In [None]:
Build a random forest classifier to predict the risk of heart disease based on a dataset of patient
information. The dataset contains 303 instances with 14 features, including age, sex, chest pain type,
resting blood pressure, serum cholesterol, and maximum heart rate achieved.
Dataset link: https://drive.google.com/file/d/1bGoIE4Z2kG5nyh-fGZAJ7LH0ki3UfmSJ/view?
usp=share_link

Q1. Preprocess the dataset by handling missing values, encoding categorical variables, and scaling the
numerical features if necessary.

Ans. Q1. Preprocessing the dataset is an important step in machine learning to ensure that the data is clean 
and in the right format for the model to learn from. Here are the steps to preprocess the dataset:

Handling missing values: Missing values can be handled by either removing the rows with missing values or by imputing
the missing values. For example, we can use the mean, median or mode to impute missing numerical values, while for categorical
values, we can use the most frequent value.

Encoding categorical variables: Categorical variables need to be encoded into numerical values for the model to learn from.
We can use one-hot encoding or label encoding to convert categorical variables into numerical values.

Scaling the numerical features: Scaling numerical features can help in improving the performance of some machine learning models
such as SVM and KNN. We can use standard scaling or min-max scaling to scale the numerical features.

Q2. Split the dataset into a training set (70%) and a test set (30%).
Ans. Splitting the dataset into a training set and a test set is important to evaluate the performance of the model 
on unseen data.

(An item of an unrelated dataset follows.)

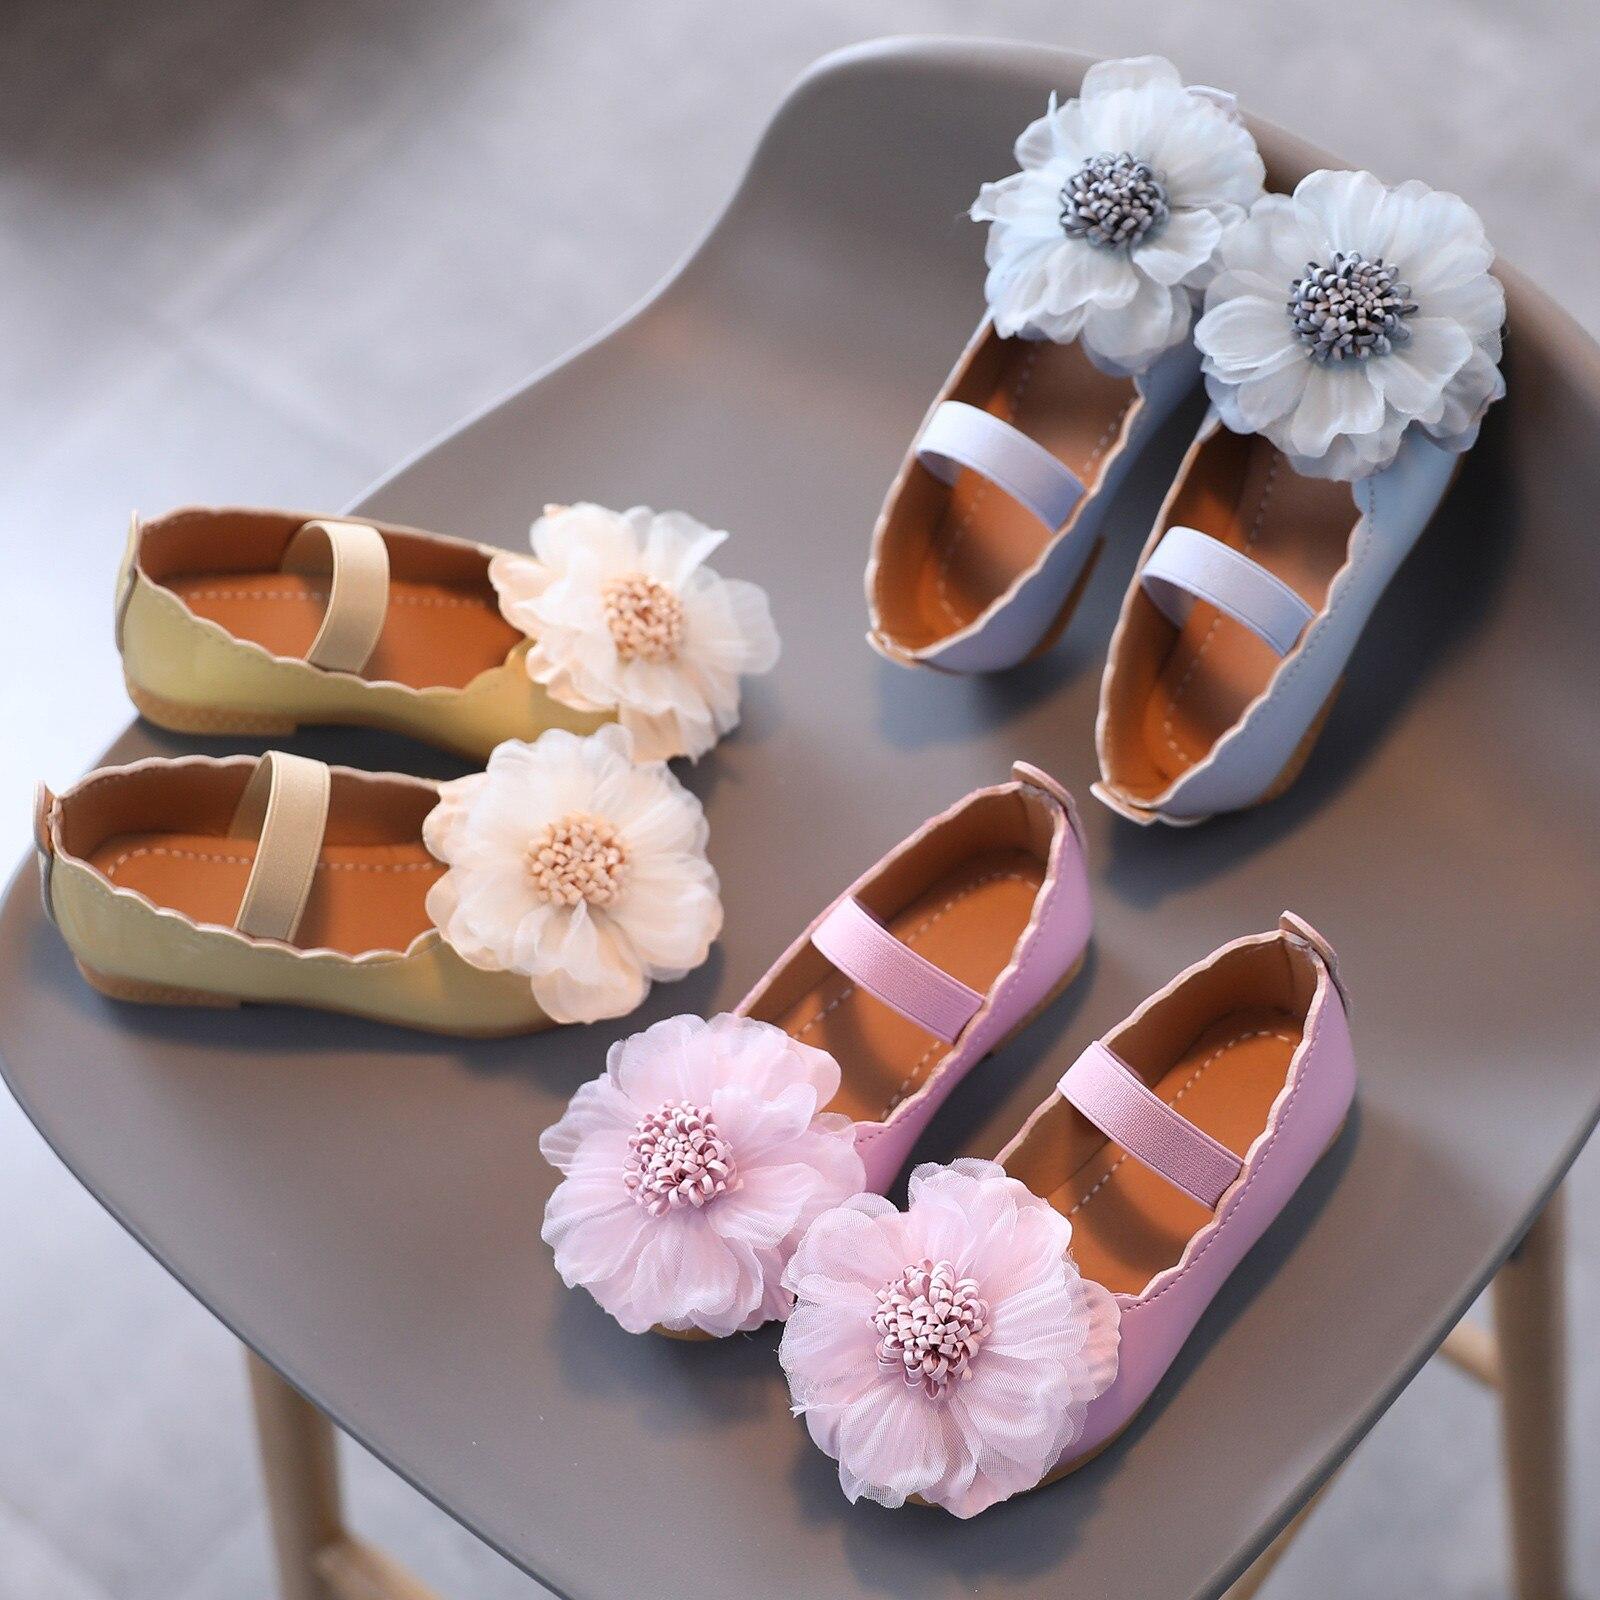 Zapatos de princesa individual con flores para niñas pequeñas, sandalias de suela...

Here are the steps to split the dataset:

Import the necessary libraries, such as Pandas and Scikit-learn.
Load the dataset into a Pandas dataframe.
Split the dataset into a training set and a test set using the train_test_split function from Scikit-learn. 
We can specify the test size and random state to ensure reproducibility.

Q3. Train a random forest classifier on the training set using 100 trees and a maximum depth of 10 for each
tree. Use the default values for other hyperparameters.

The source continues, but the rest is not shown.